(Beginning of Input data)
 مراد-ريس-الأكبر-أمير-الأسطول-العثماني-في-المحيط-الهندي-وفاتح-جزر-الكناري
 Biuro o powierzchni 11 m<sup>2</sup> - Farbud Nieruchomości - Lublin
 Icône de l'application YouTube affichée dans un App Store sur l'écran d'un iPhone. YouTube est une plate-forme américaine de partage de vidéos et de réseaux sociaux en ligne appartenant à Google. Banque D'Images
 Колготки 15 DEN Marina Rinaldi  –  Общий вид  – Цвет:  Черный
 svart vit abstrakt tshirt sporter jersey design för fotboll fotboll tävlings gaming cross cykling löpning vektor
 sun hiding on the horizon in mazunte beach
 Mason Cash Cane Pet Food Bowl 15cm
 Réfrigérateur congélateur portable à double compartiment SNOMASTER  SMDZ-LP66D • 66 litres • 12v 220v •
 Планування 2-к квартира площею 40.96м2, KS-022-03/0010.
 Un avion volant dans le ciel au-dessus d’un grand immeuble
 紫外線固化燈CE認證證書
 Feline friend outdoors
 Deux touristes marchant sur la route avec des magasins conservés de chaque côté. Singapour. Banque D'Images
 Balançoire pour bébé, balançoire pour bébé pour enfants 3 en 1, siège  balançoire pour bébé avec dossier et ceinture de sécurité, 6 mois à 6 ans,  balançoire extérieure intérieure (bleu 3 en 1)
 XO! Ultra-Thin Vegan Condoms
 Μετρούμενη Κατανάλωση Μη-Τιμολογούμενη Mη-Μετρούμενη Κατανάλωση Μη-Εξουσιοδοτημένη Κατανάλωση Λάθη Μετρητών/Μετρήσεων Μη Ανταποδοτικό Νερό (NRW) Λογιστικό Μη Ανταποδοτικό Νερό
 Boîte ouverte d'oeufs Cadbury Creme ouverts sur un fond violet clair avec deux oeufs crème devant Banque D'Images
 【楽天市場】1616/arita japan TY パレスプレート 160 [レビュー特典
(End of Input data)
Filter the records above, keeping each line that contains the word "avec".

 Deux touristes marchant sur la route avec des magasins conservés de chaque côté. Singapour. Banque D'Images
 Balançoire pour bébé, balançoire pour bébé pour enfants 3 en 1, siège  balançoire pour bébé avec dossier et ceinture de sécurité, 6 mois à 6 ans,  balançoire extérieure intérieure (bleu 3 en 1)
 Boîte ouverte d'oeufs Cadbury Creme ouverts sur un fond violet clair avec deux oeufs crème devant Banque D'Images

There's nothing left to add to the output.